I’ve told you how to tell if a step-size in a line-search is good, but I haven’t actually told you how to calculate one. There is more than one way to do this, but in the interest of simplicity a binary search works just fine. Start by defining a region you expect the step-size to fall in. The minimum alpha should be 0 (you have to go forward but step can be arbitrarily small) and the maximum is a somewhat large arbitrary number say 100 or 1000. Your step is alpha times -gradient, so if you’re expecting an unusually small gradient your max alpha may have to be bigger.
To search you sample an alpha in the middle. If it satisfies the conditions you’re done. If it’s too far then set max alpha to the current alpha and sample a new alpha in the middle of the new region. Similarly if it’s not far enough then set min alpha to the current alpha and sample a new alpha in the middle of that new region. You can tell whether it’s too close or too far based on which condition is violated. If error doesn’t decrease enough or the function is now sloping upward then you’ve gone too far. If it’s too steep and still sloping downward then you haven’t gone far enough.

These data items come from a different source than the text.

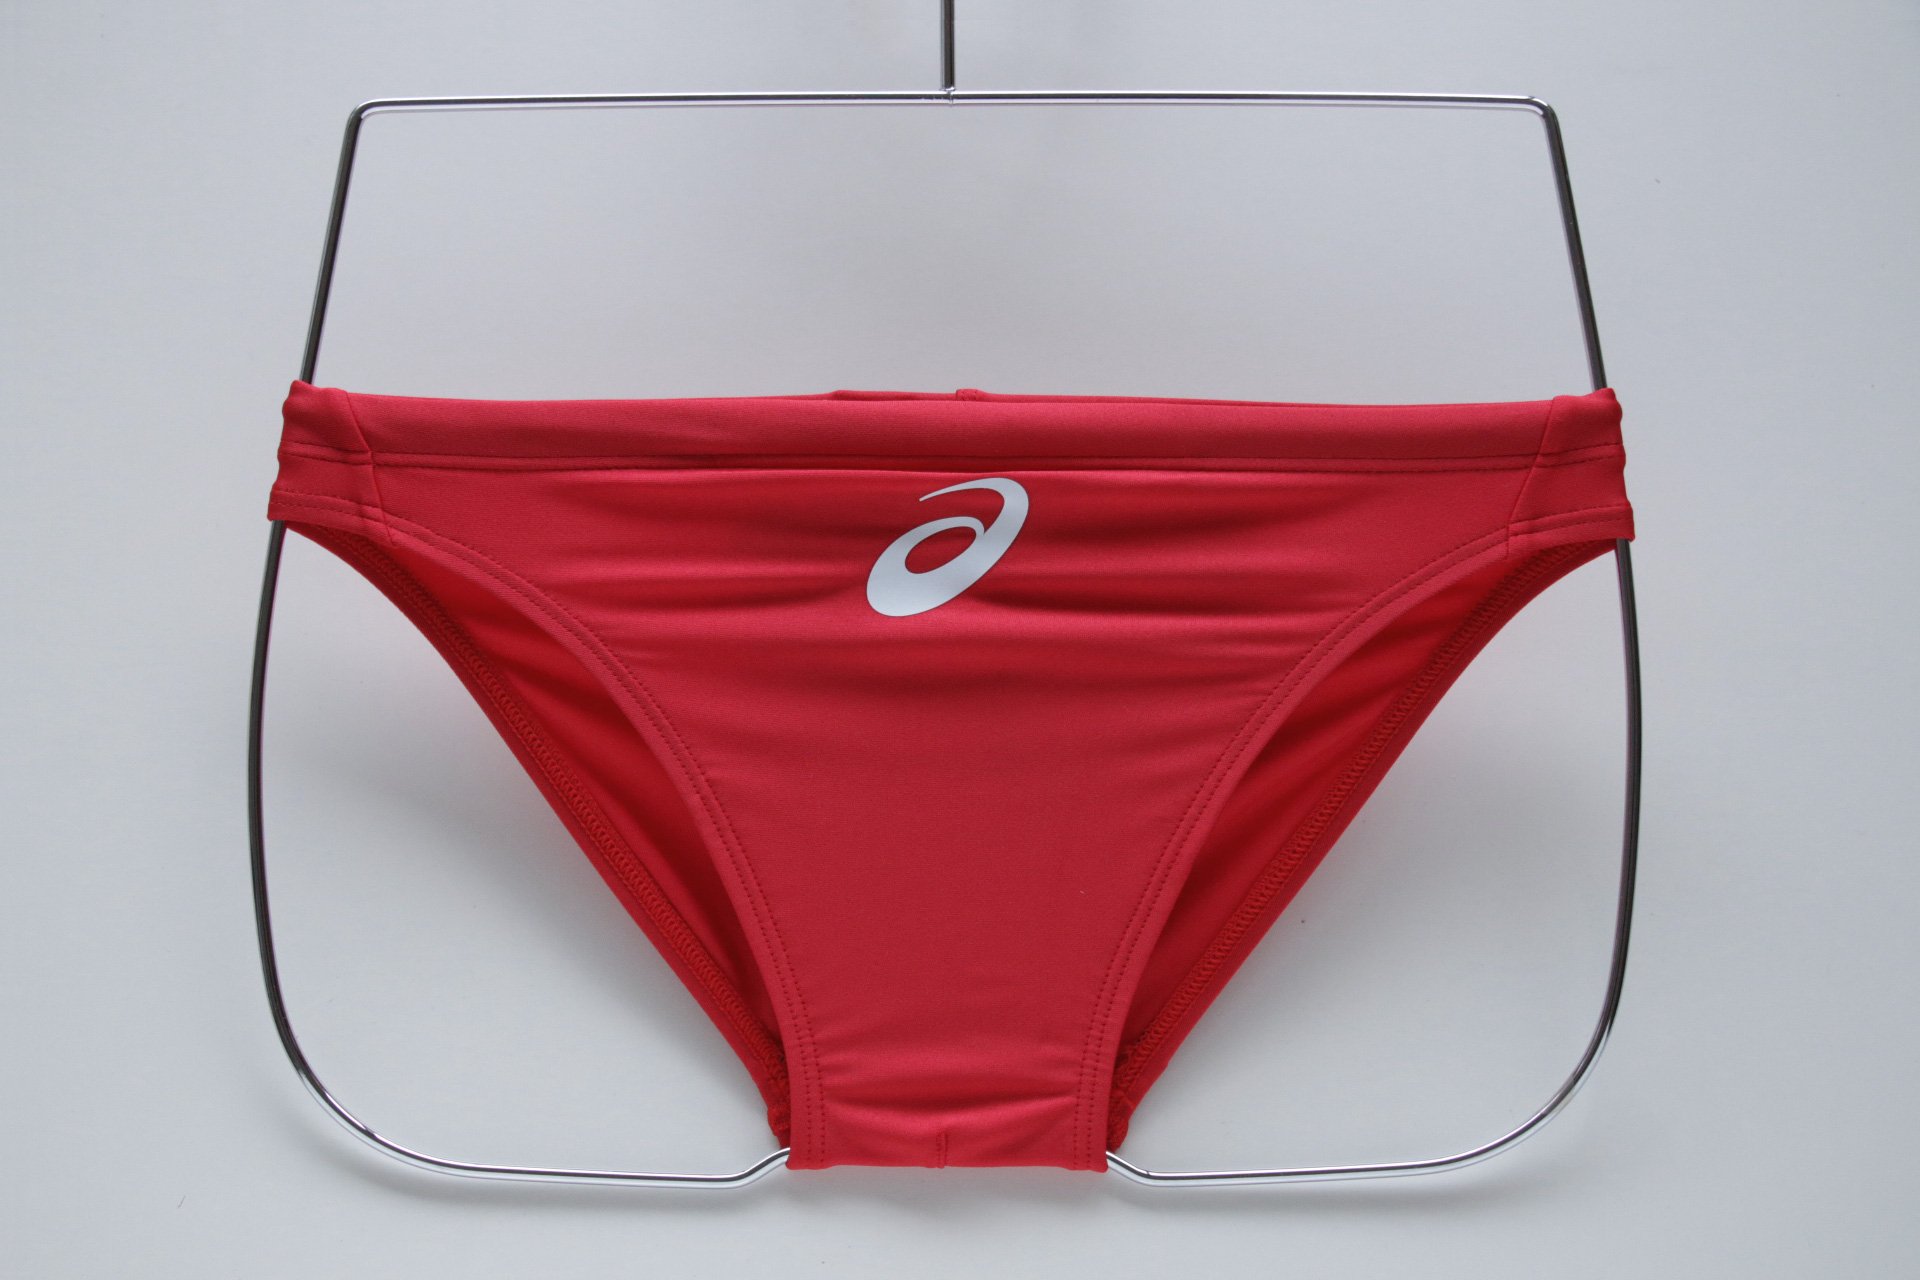 Bespoke asics Men's Competition Swimwear Successor to HYDRO-CD Brief Red
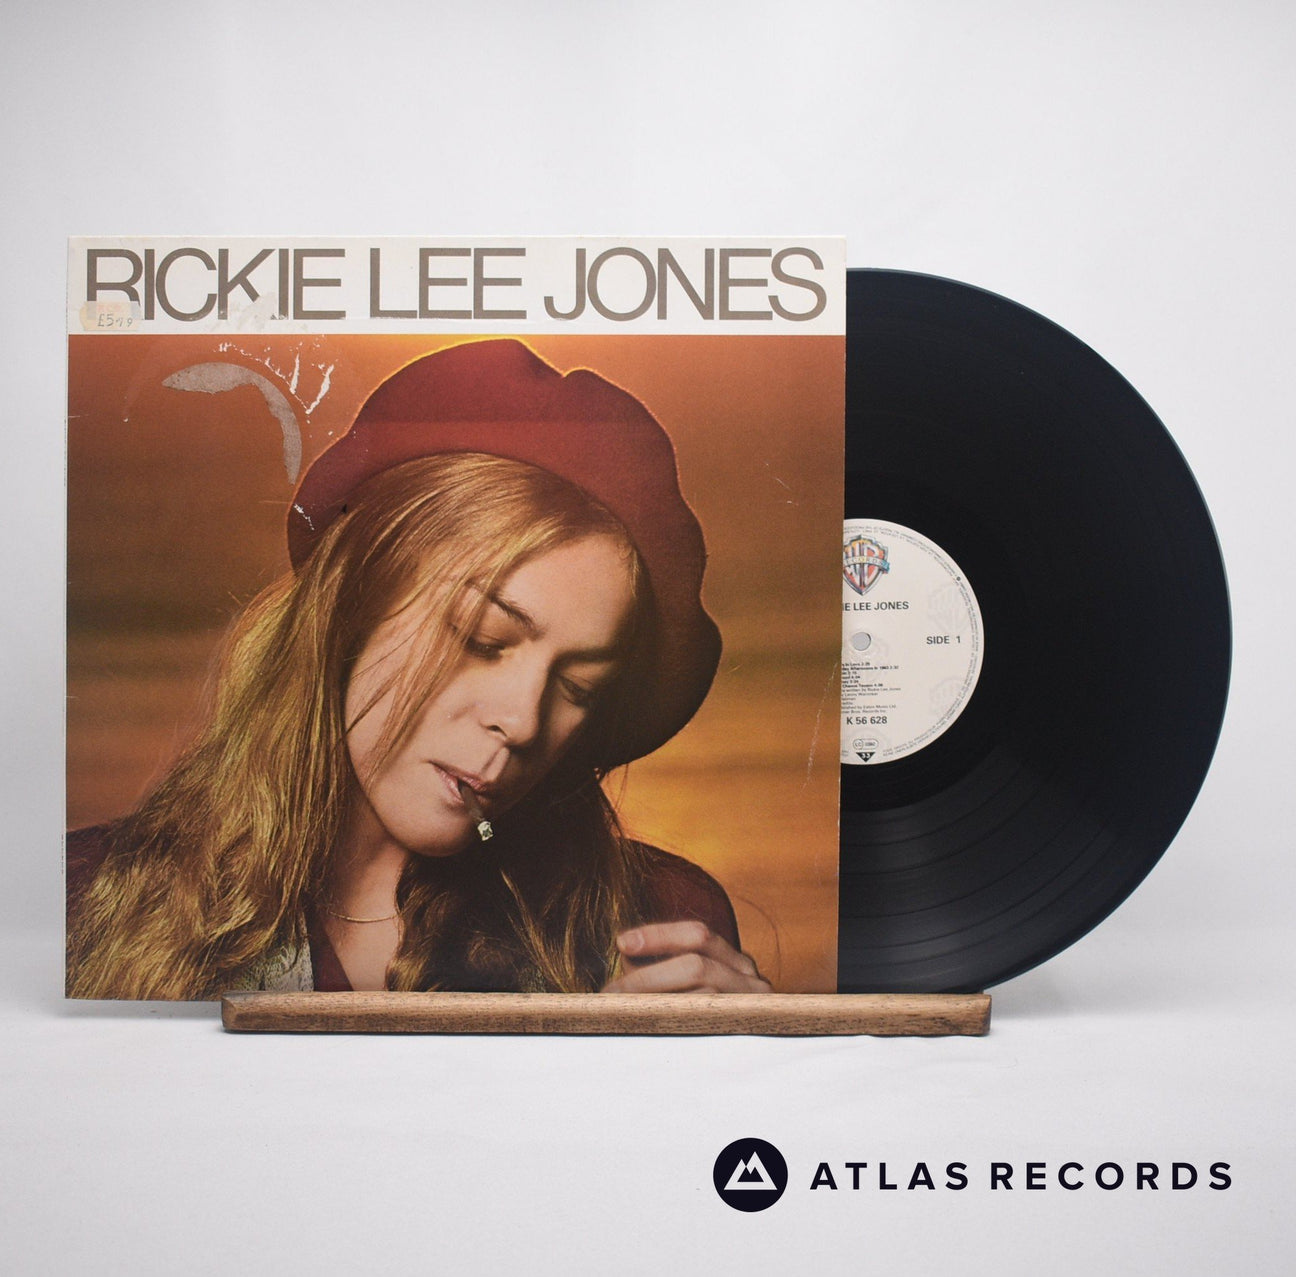 Rickie Lee Jones Rickie Lee Jones LP Vinyl Record - Front Cover & Record
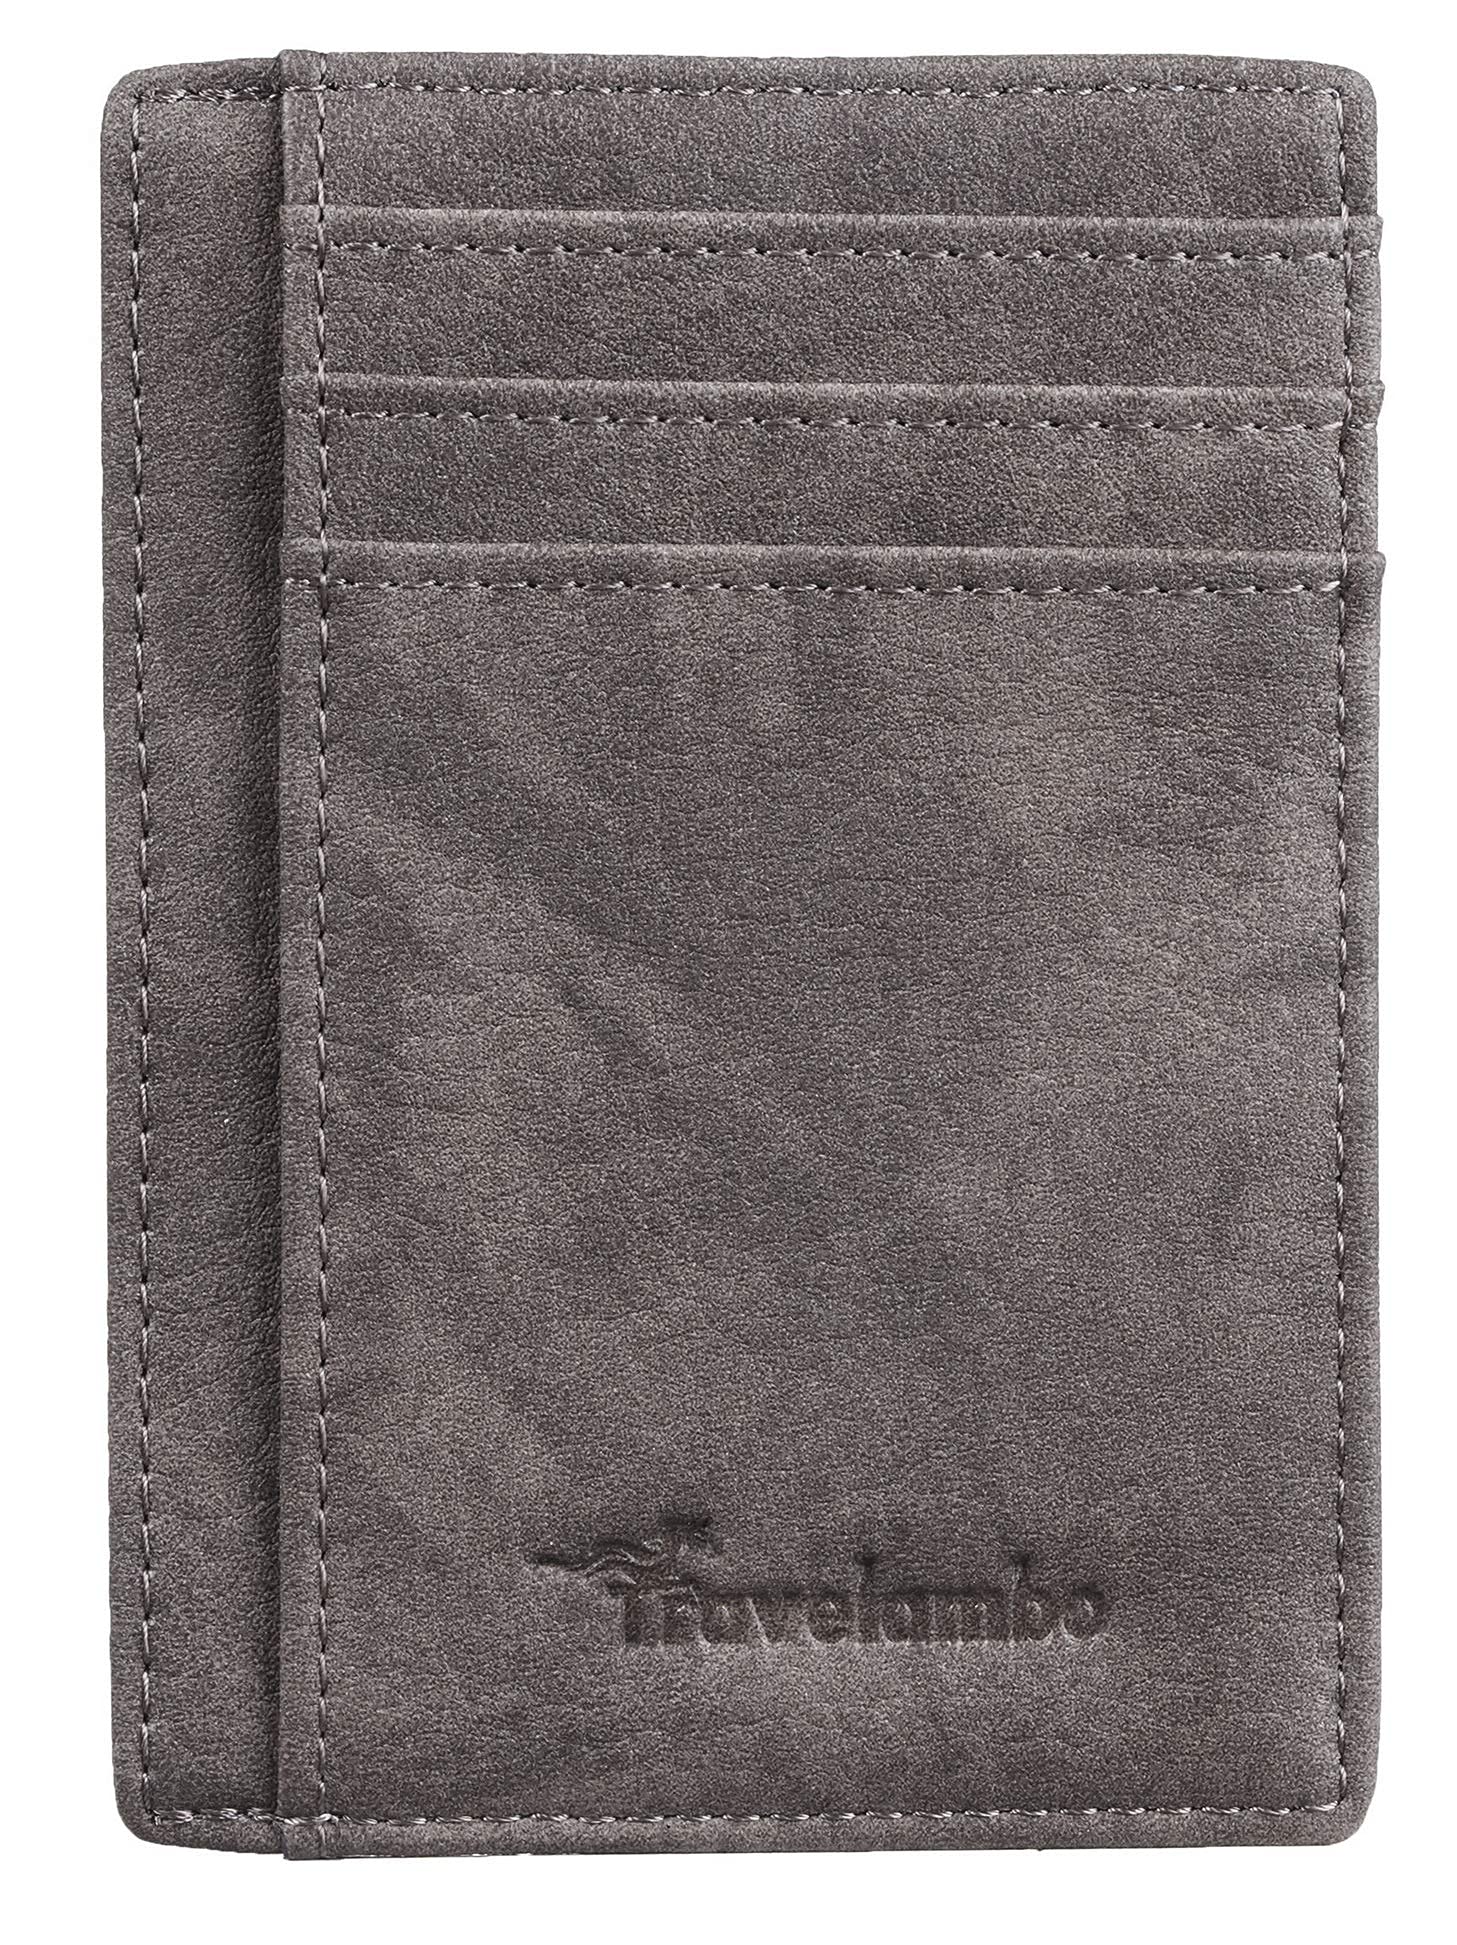 Travelambo Front Pocket Minimalist Leather Slim Wallet

Once you have all of the parts the main gradient descent loop is very simple. The hardest part of applying these techniques to a problem is in formulating the error function and gradient. I kind of glossed over the gradient calculation above. What if I made a mistake? Well, it’s possible (and generally a good idea) to approximate the gradient numerically and see if it’s similar. Numerically calculating the gradient is just a matter of taking the slope along each axis over a small length. It’s a good way to catch a bug in your analytically calculated gradient, but in subtracting two very close numbers you lose a lot of your machine precision and the numerical gradient requires 2*(dimension of input vector) evaluations of the error function making it usually much slower than calculating the analytical derivative. In short: suck it up and do your calculus.
Above is the bare minimum you’d need to reasonably solve an unconstrained nonlinear optimization problem, but it’s by no means the only way. Optimization, finding minimums or maximums, is essentially the same as finding a zero or root of a function (that function being the gradient of your error). We’ve had good techniques for doing that for literally hundreds of years, and one of the best is Newton’s method.
The geometric reasoning behind Newton’s method is to use the derivative to build a tangent line at your initial guess, and then intersect that with the x-axis to get a new guess for the root of the more complex function. This isn’t always guaranteed to work, but given the right conditions and a good initial guess it converges quadratically, which is to say very quickly. As an example let’s look at calculating the square-root of 2. We want to find x so that x^2 = 2. This is the same as finding the root for f(x) = x^2 – 2. I know it’s pretty close to 1.5, so that’ll be our initial guess.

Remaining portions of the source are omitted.